Exercise =>
Begin at the line below that holds "Grüne Tischleuchte Farstar, entworfen" and end at the line that holds "Der kuppelförmige Glasschirm", transcribing each line exactly and skipping any picture.

Start of Given information

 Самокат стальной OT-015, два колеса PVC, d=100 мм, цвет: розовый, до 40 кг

End of Given information
Start of Given information

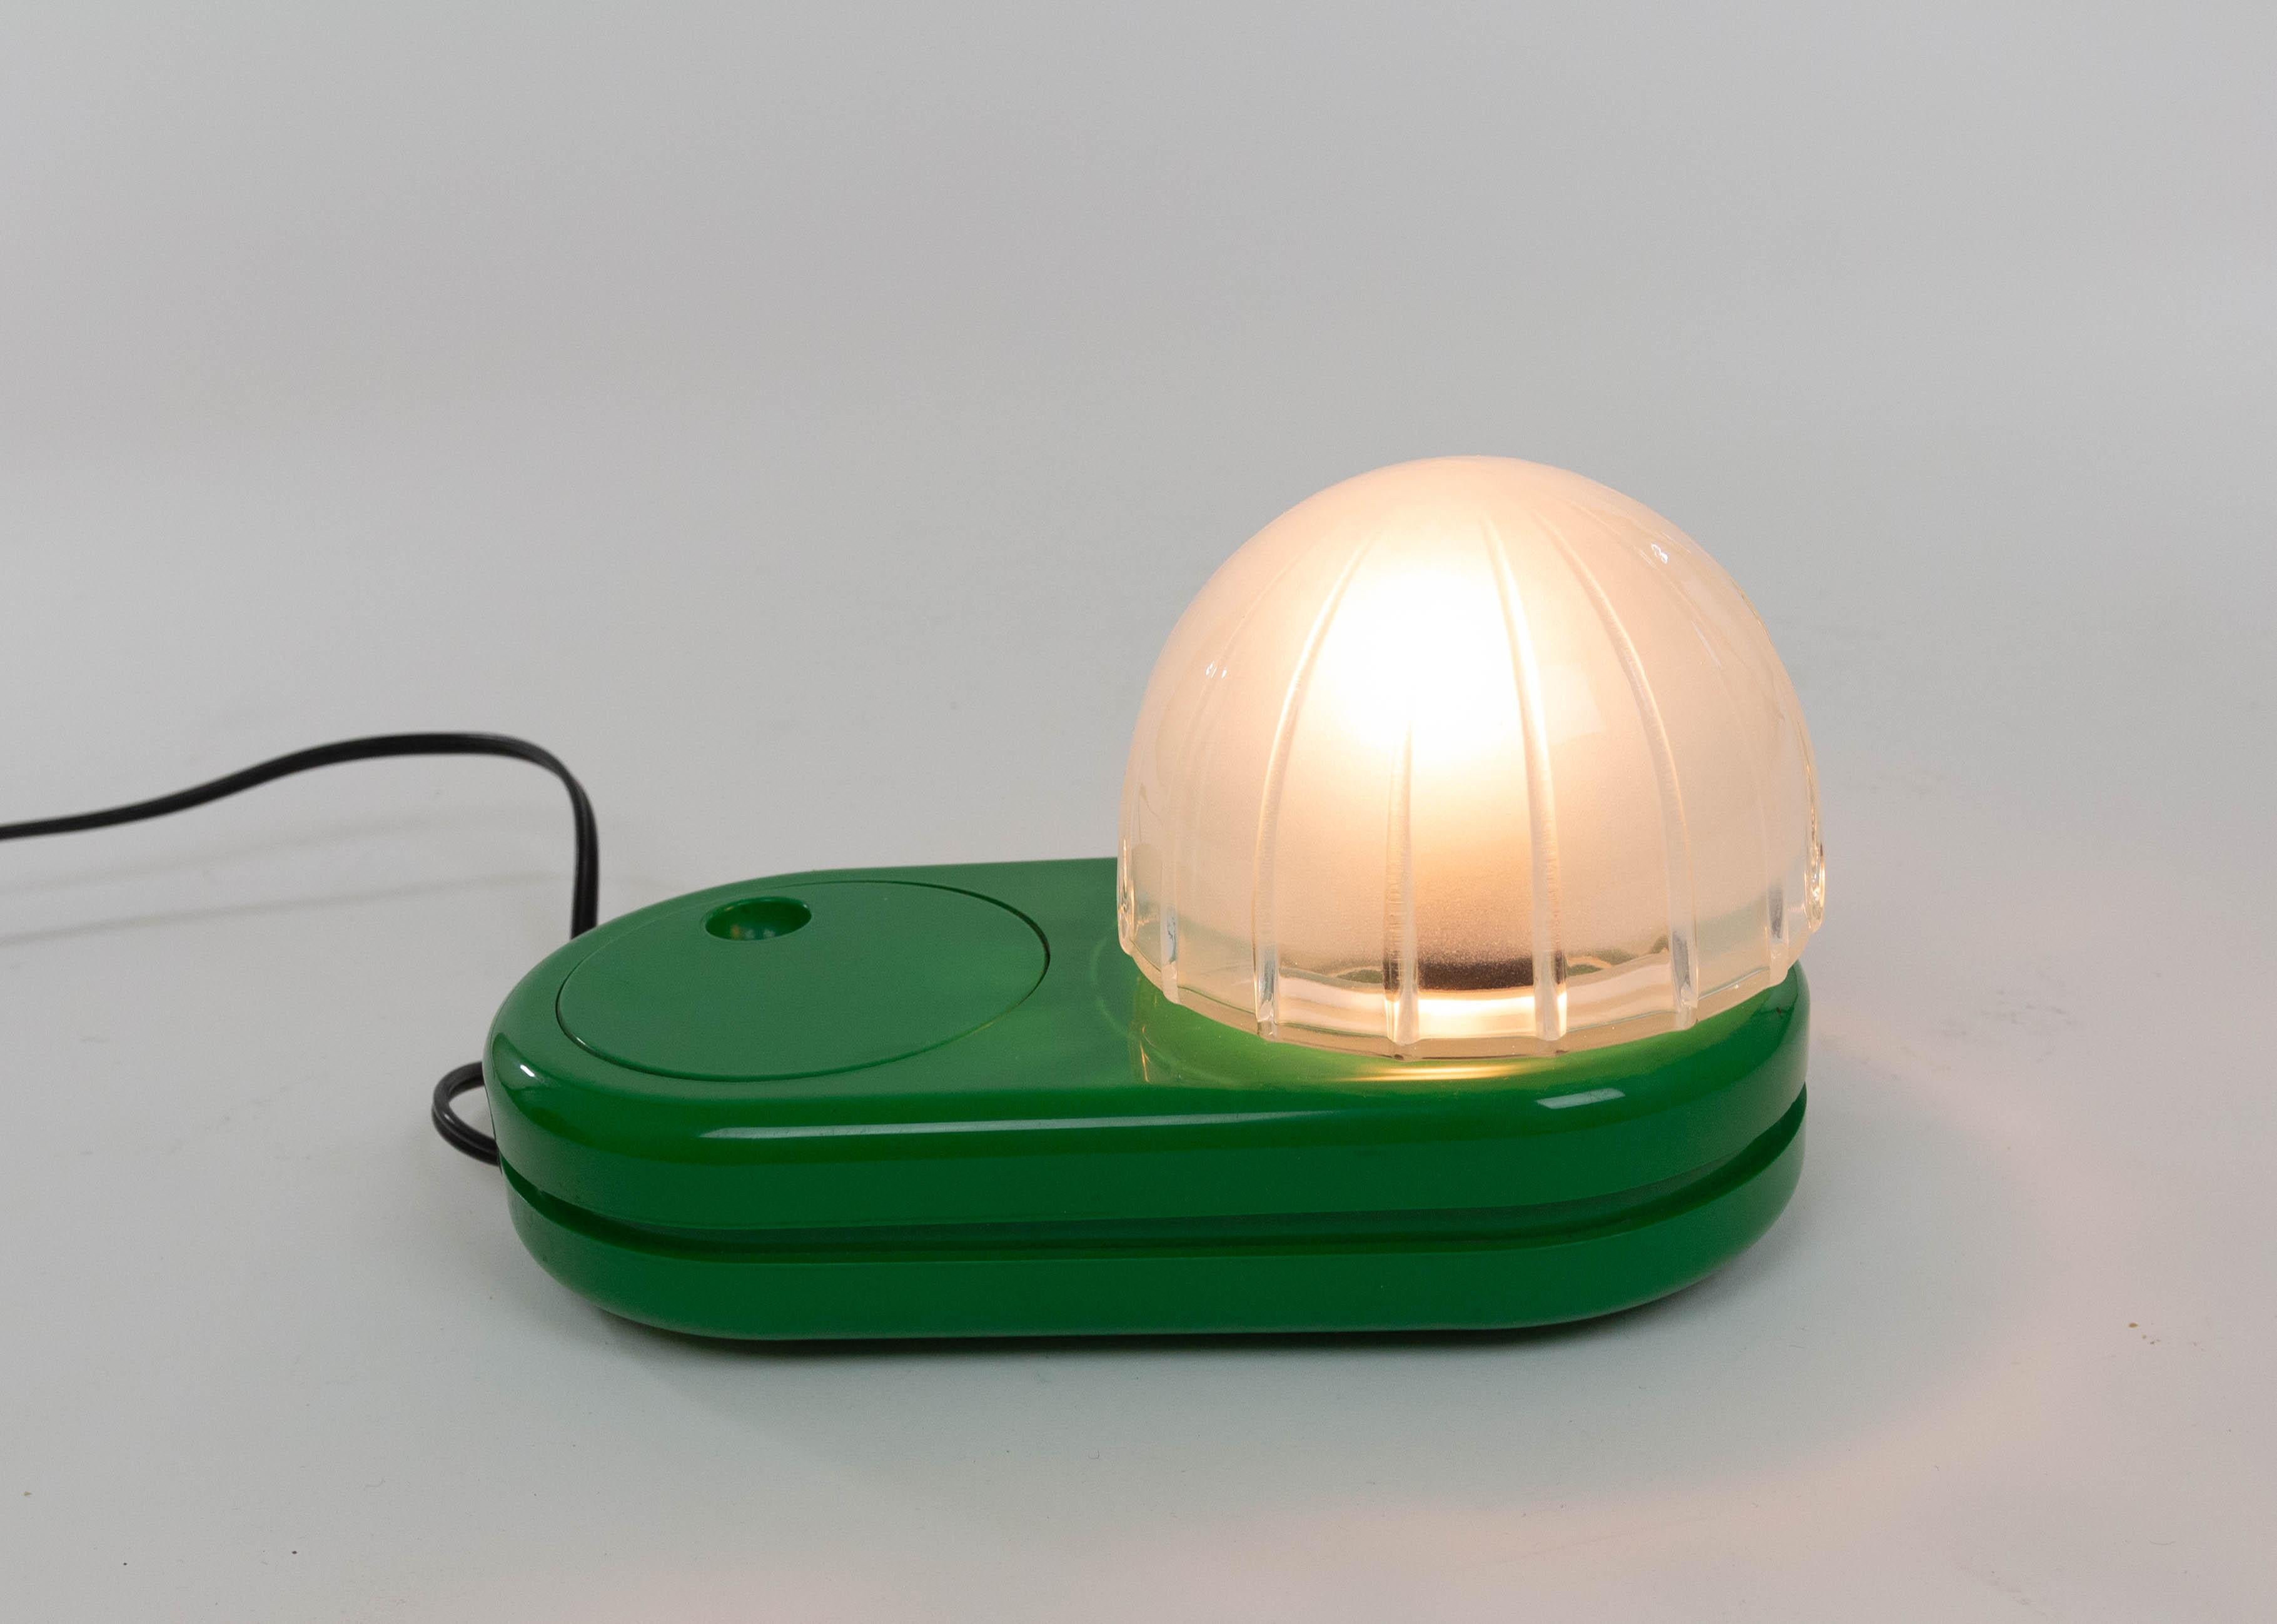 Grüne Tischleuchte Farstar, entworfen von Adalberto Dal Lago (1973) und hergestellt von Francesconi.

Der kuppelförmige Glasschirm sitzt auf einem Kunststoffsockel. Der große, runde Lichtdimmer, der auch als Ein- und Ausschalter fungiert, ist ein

End of Given information
Start of Given information

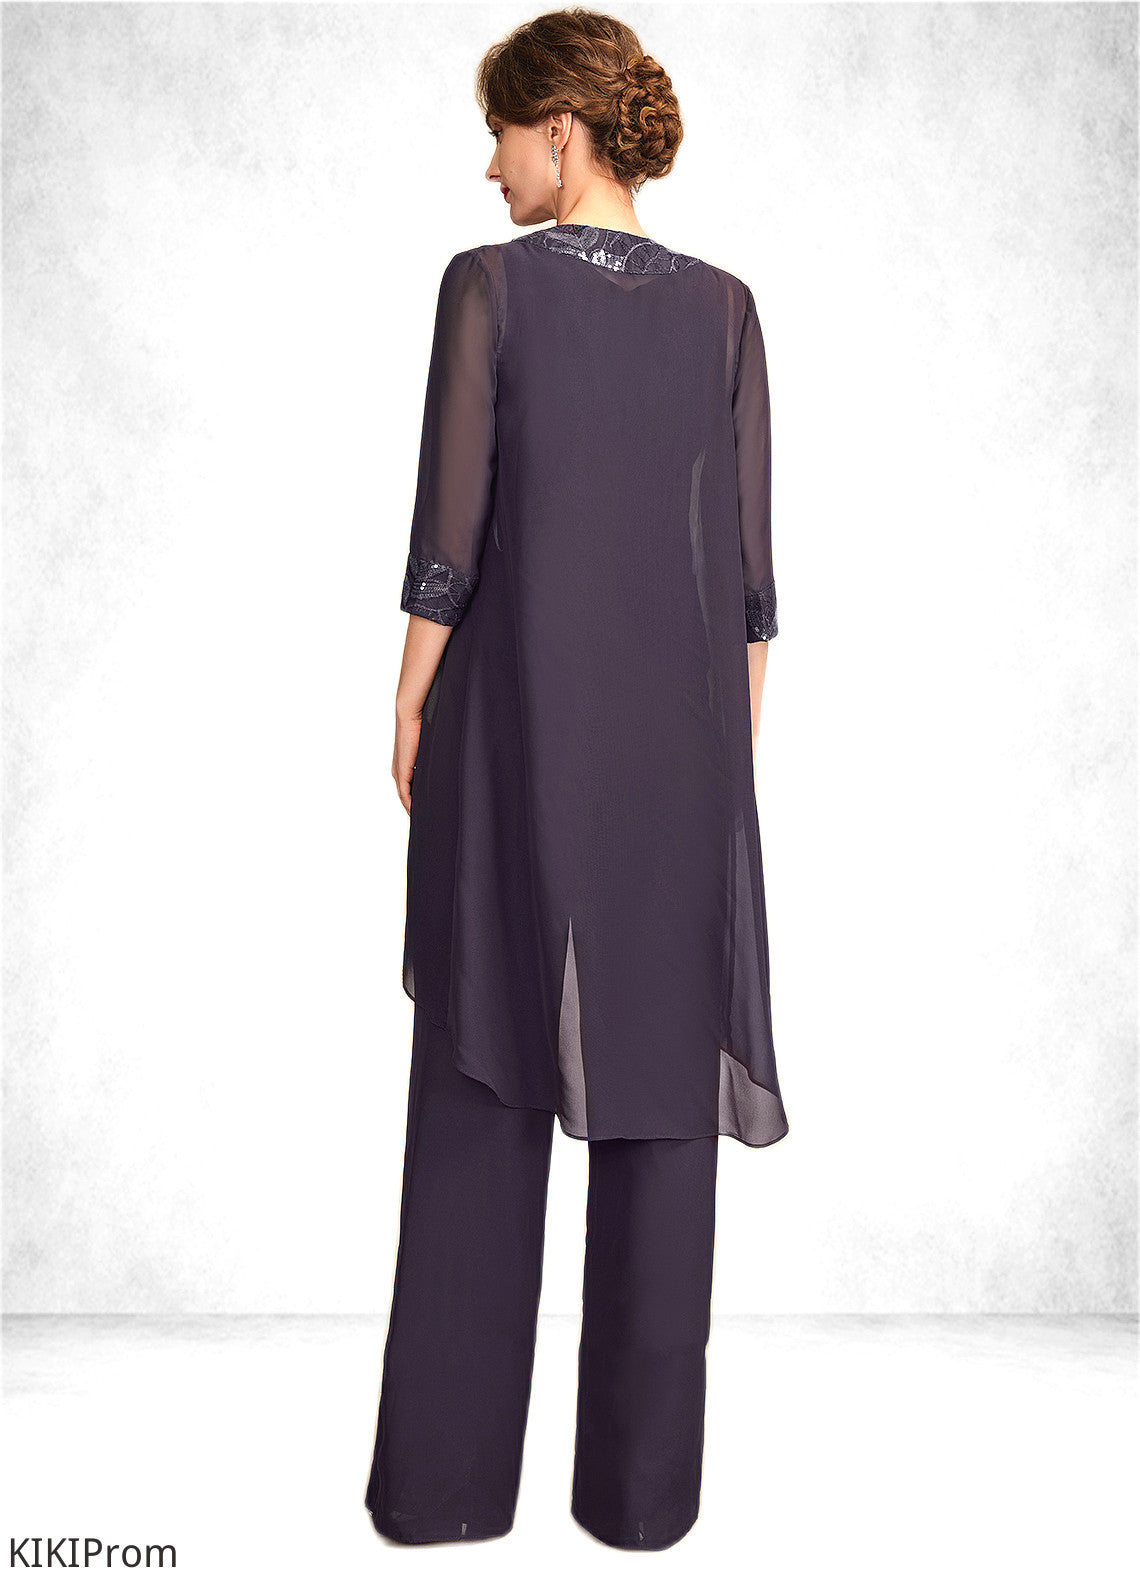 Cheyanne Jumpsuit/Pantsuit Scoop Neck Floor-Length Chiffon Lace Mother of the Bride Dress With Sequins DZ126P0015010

End of Given information

Answer for this exercise =>
 Grüne Tischleuchte Farstar, entworfen von Adalberto Dal Lago (1973) und hergestellt von Francesconi.

Der kuppelförmige Glasschirm sitzt auf einem Kunststoffsockel. Der große, runde Lichtdimmer, der auch als Ein- und Ausschalter fungiert, ist ein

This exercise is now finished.